While budget talks between the Obama administration and Senate Republicans seem stalled, House Republicans also seem content to wait until the fall before launching the next budget battle, according to a June 16 report from Politico.

According to the story, the lack of action on the House side is due to several factors. It is partly due to a belief that Republicans will have more leverage in the fall when the debt ceiling will become an issue. It is also due to intra-party divisions between Tea Party supporters and more moderate Republicans concerned about the effects of sequestration.

“There are … members on the moderate side who are still upset over sequestration,” Rep. David Schweikert (R-AZ) told Politico. “There is pressure from the moderate side who have either very district-specific needs or philosophical differences.” The Obama administration is hoping these moderates will put pressure on the Republican leadership to come to the table, but so far that has not happened.

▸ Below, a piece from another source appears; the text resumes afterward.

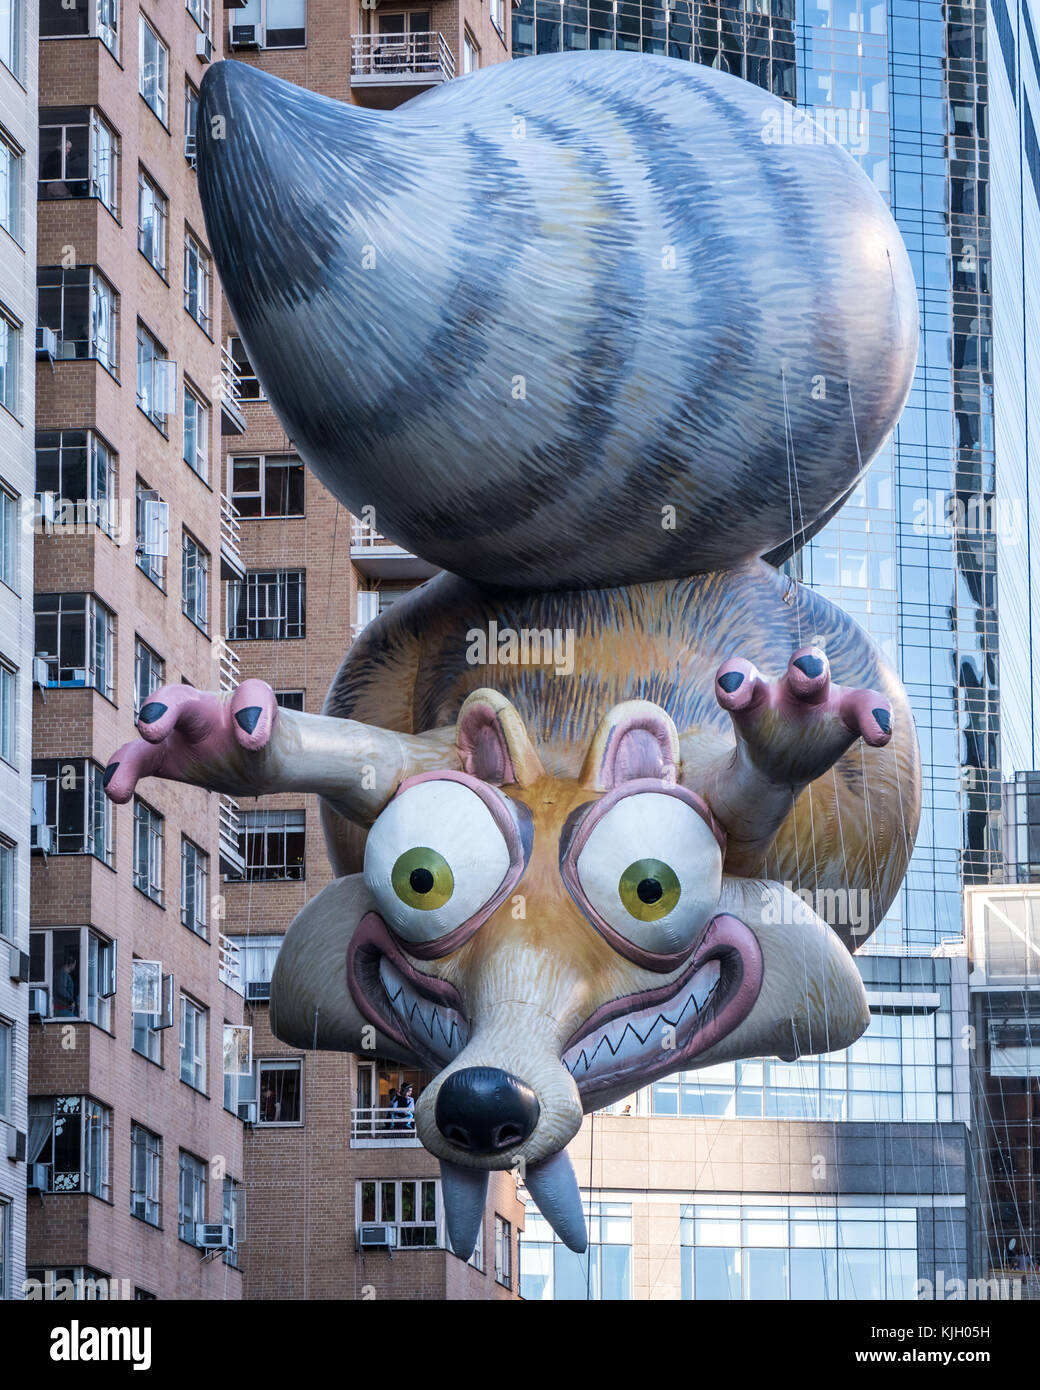 New York, USA. 23rd Nov, 2017. New York, USA, A balloon of Ice Age's Scrat participates in the 2017 Macy's Thanksgiving Day parade through New York's Central Park South. Credit: Enrique Shore/Alamy Live News Stock Photo

Another reason for the slowdown is technical and tactical. The House leadership is reluctant to begin official conference negotiations with the Senate because, after 20 days, members of both parties can begin to offer motions on the floor to "instruct" the conferees to take certain positions. That could result in politically embarassing votes forced by both Democrats and the most conservative Republicans.

Meanwhile, House Republicans seem content to push their budget priorities through a handful of appropriations bills focused on defense and homeland security. President Obama has threatened to veto those bills absent an agreement on a larger budget framework, an action that prompted House Speaker John Boehner (R-OH) to charge him with threatening to shut down the federal government.

The Senate is expected to begin work on its appropriations bills this week.